*DATA SHOWN:*
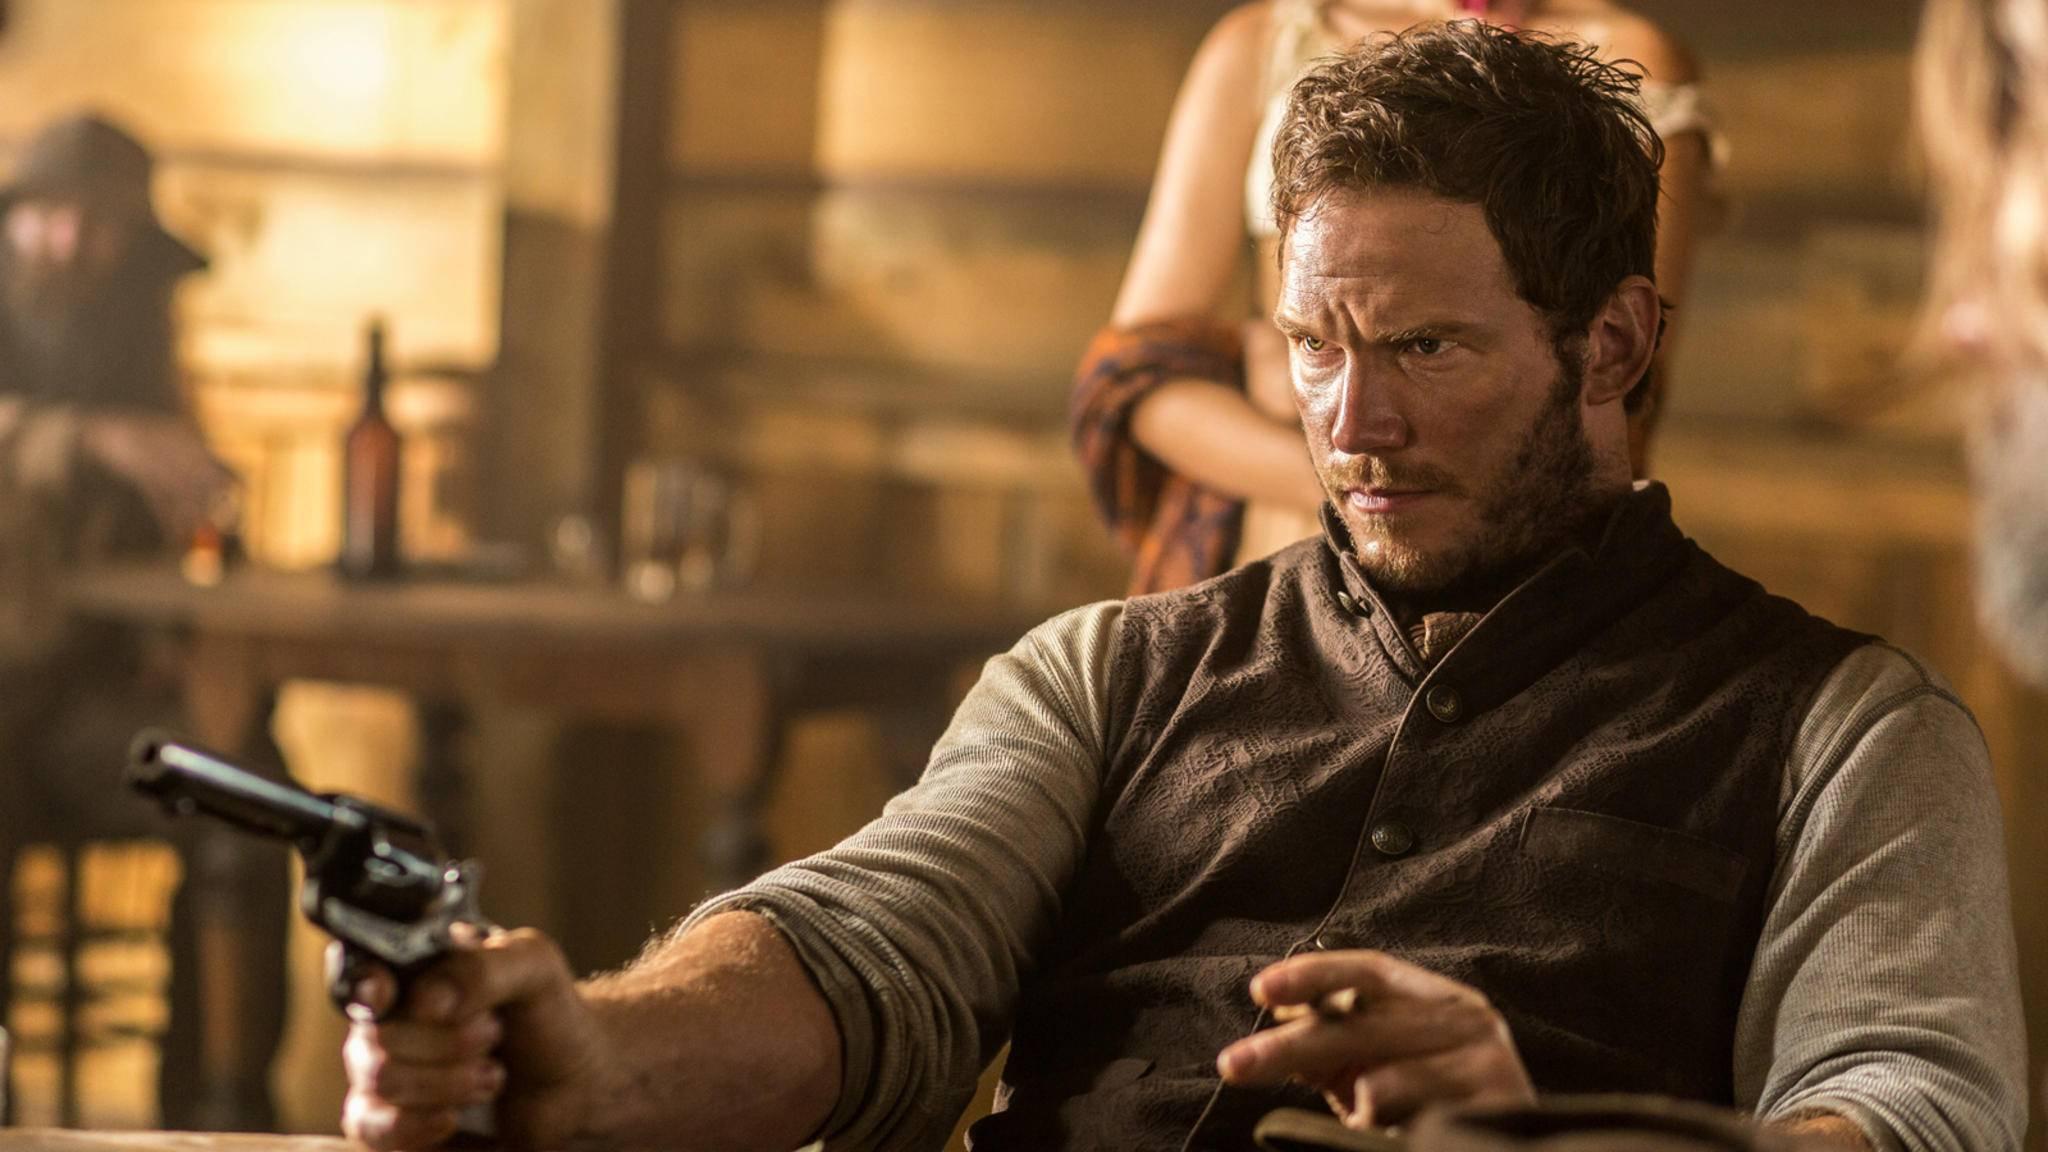 Chris Pratt Filme und Fernsehsendungen: 10 Highlights mit dem Avengers-Star
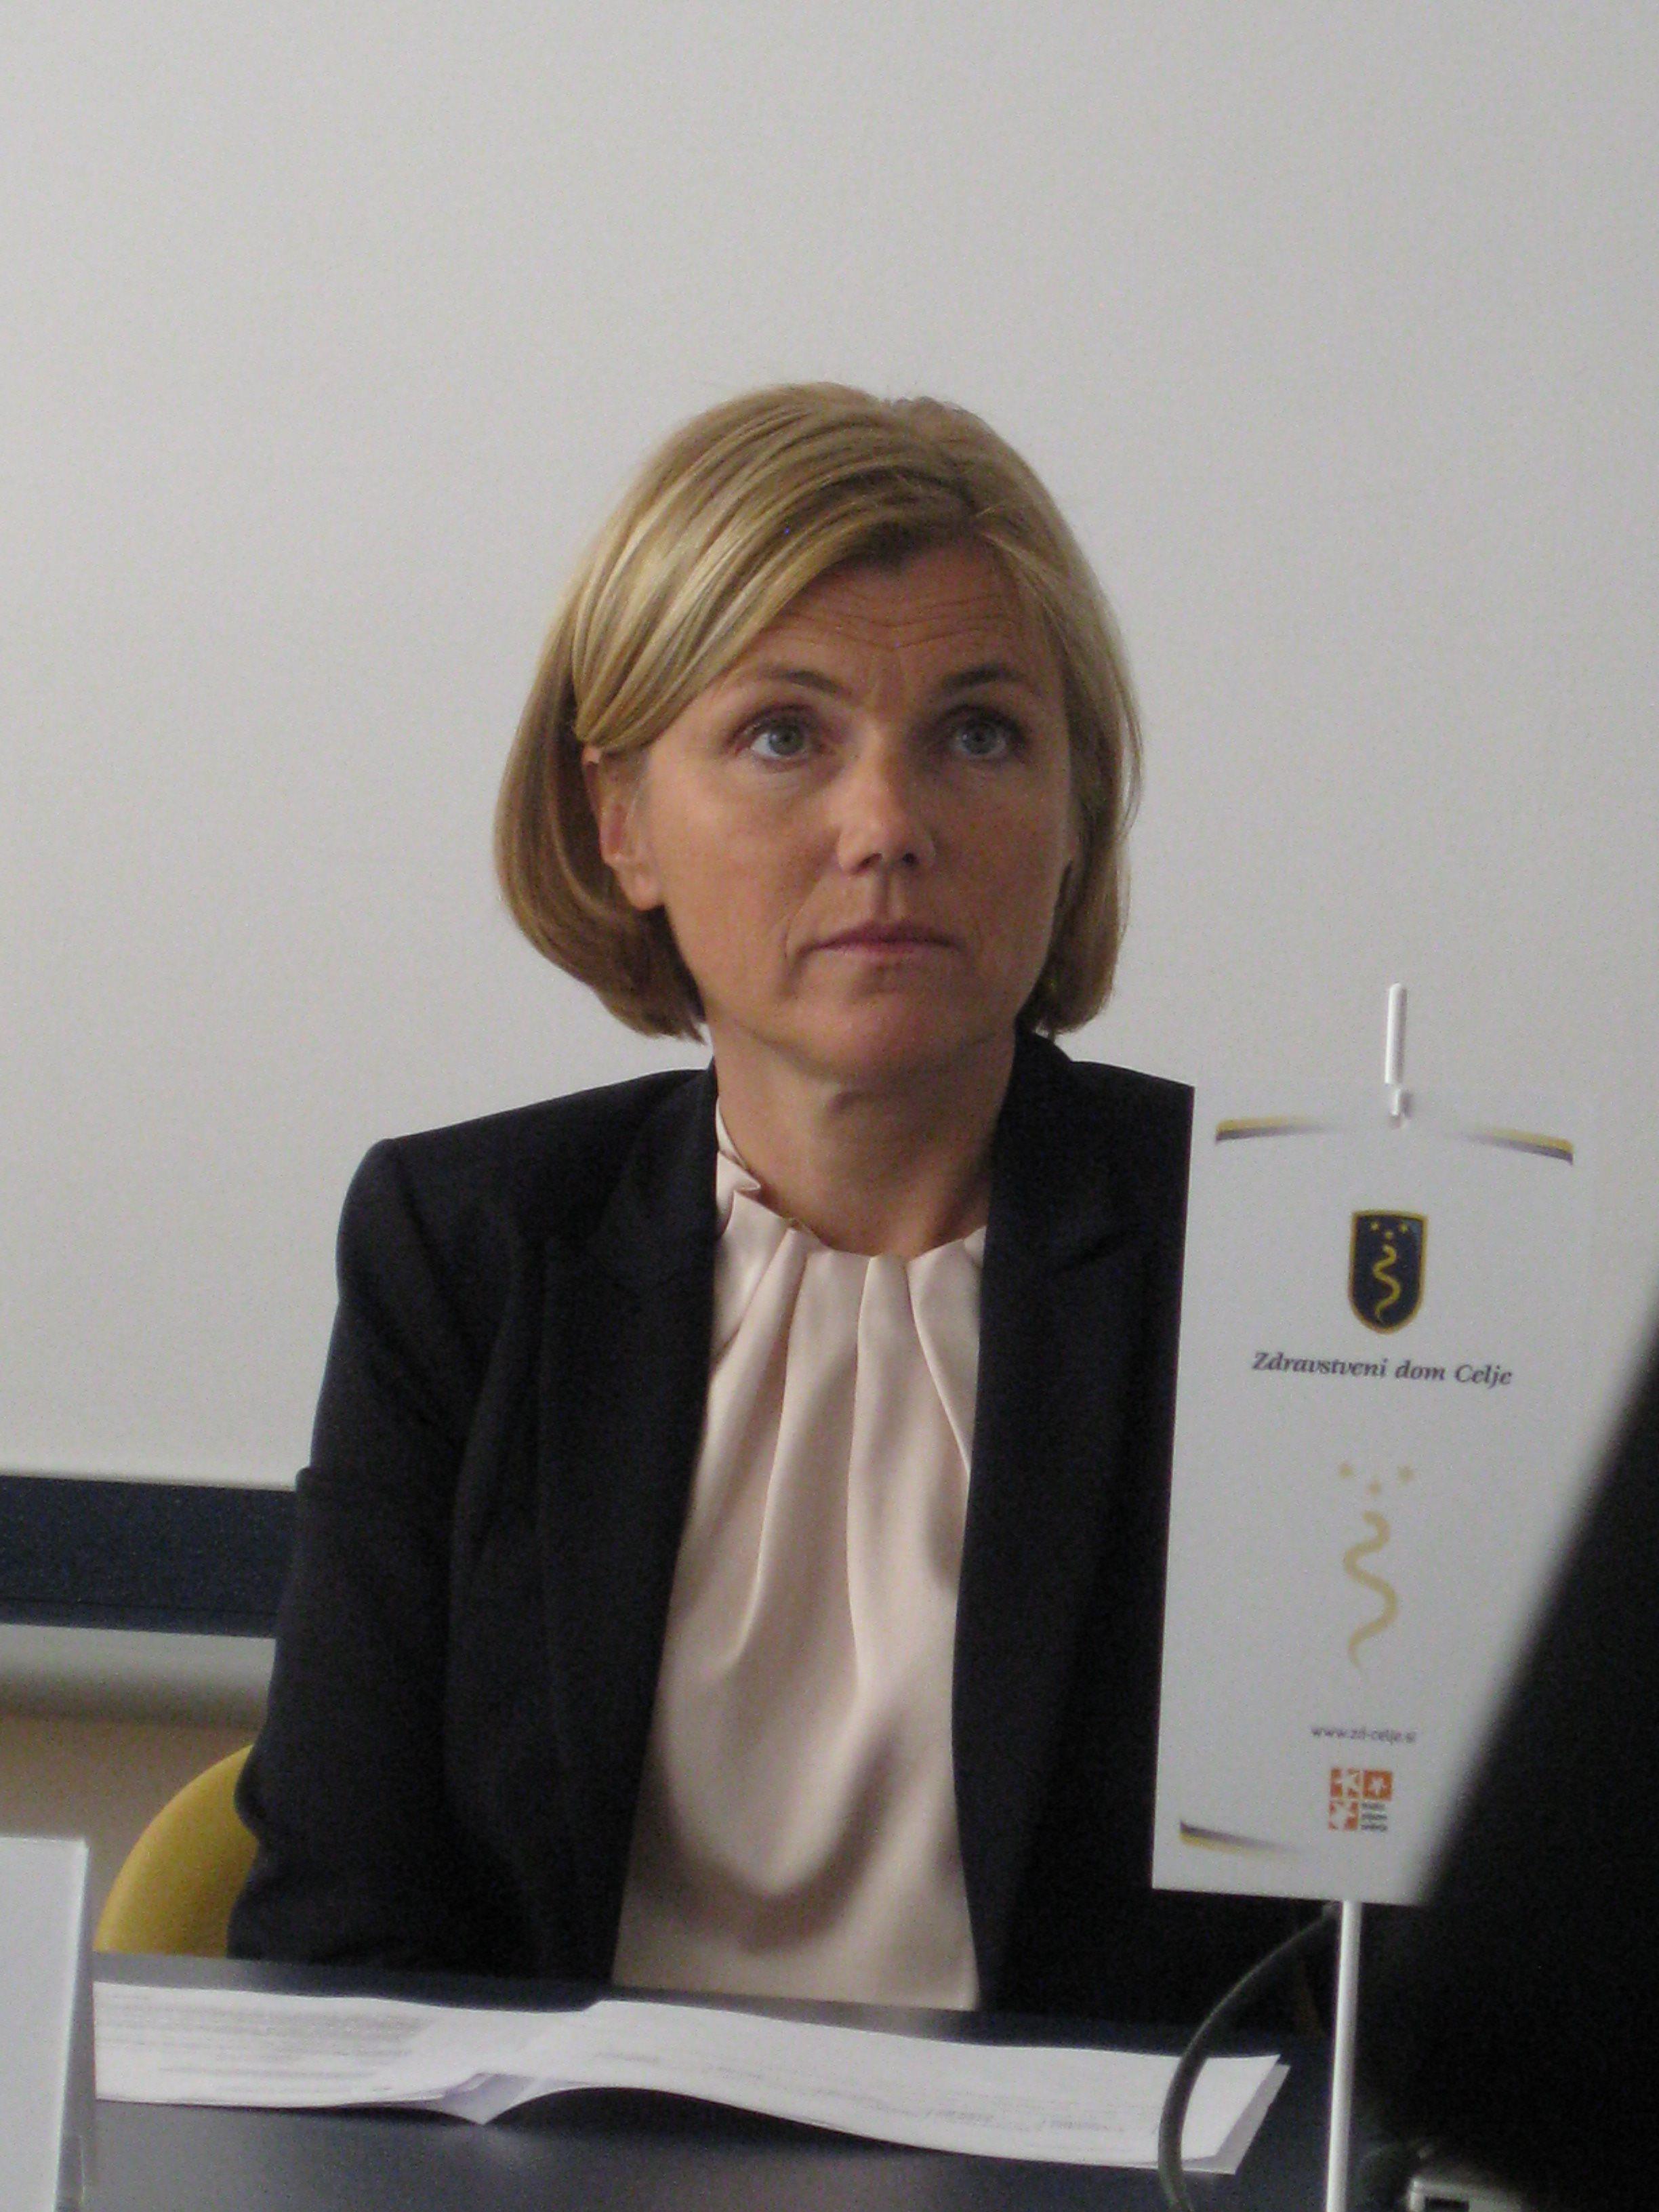 Alenka Obrul
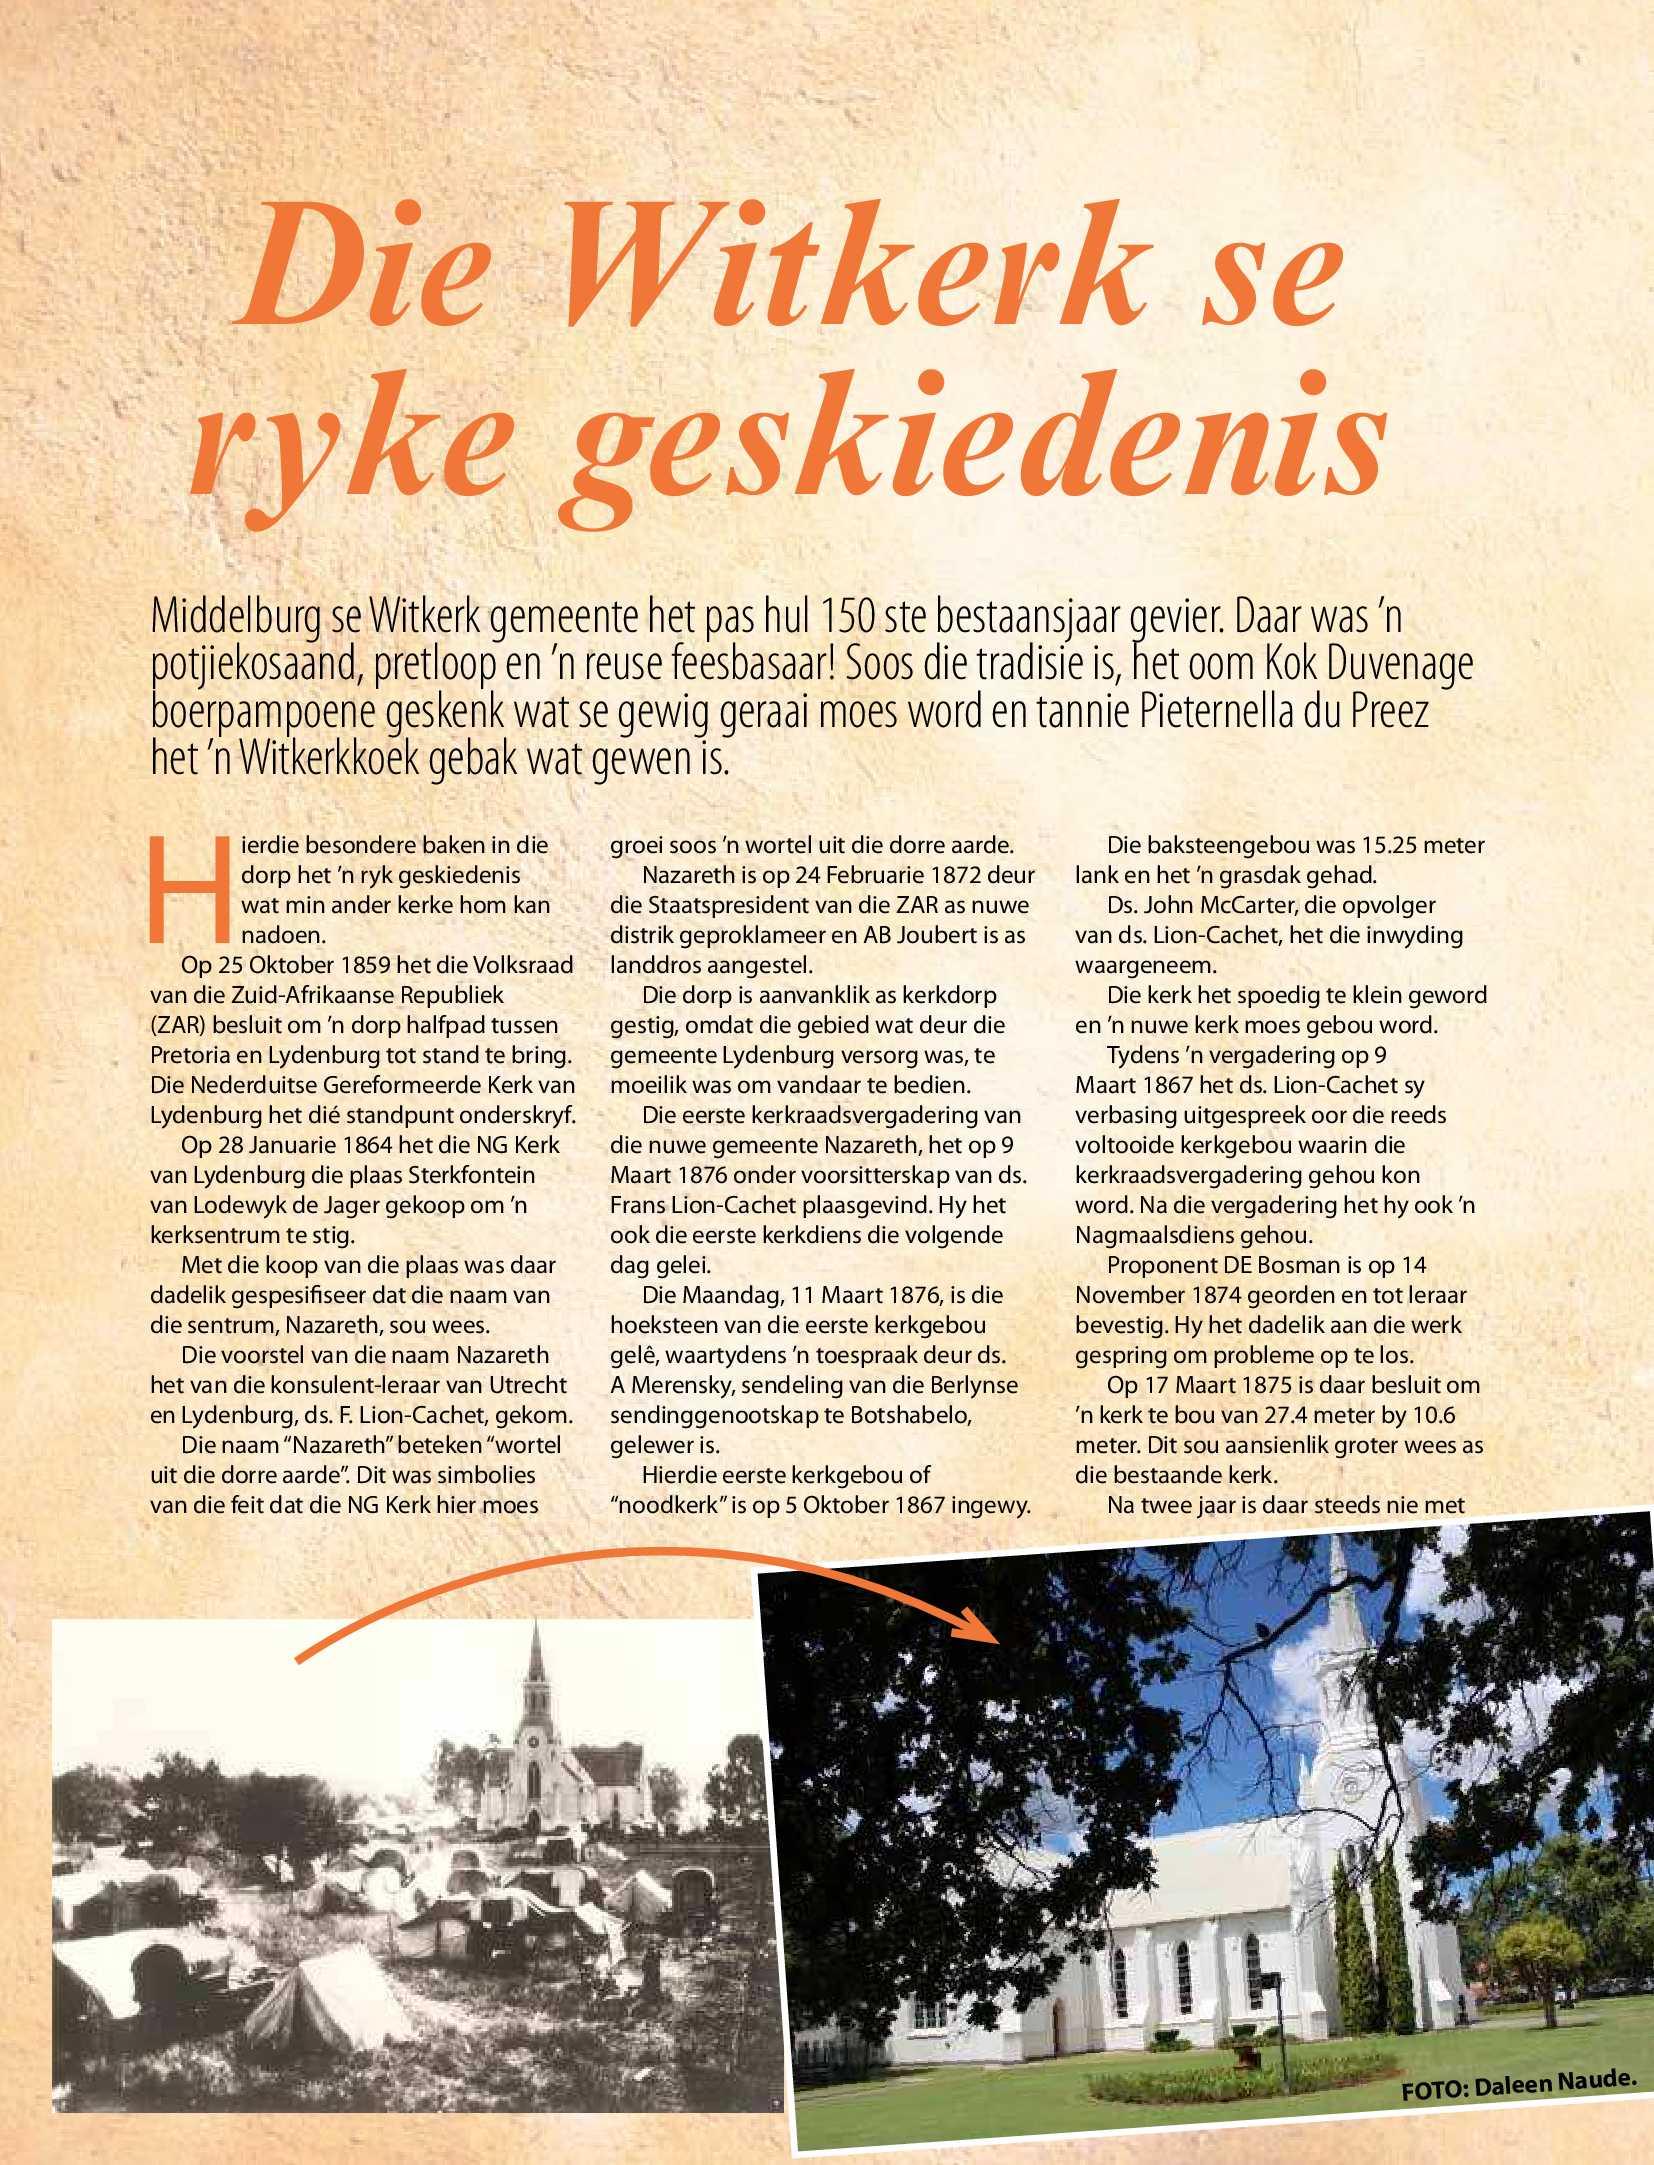 get-middelburg-april-2017-epapers-page-20

*ABOUT THIS TASK:* Quote the material exactly. Pictures stay out.

*YOUR RESPONSE:*
 Chris Pratt Filme und Fernsehsendungen: 10 Highlights mit dem Avengers-Star
 Alenka Obrul
 get-middelburg-april-2017-epapers-page-20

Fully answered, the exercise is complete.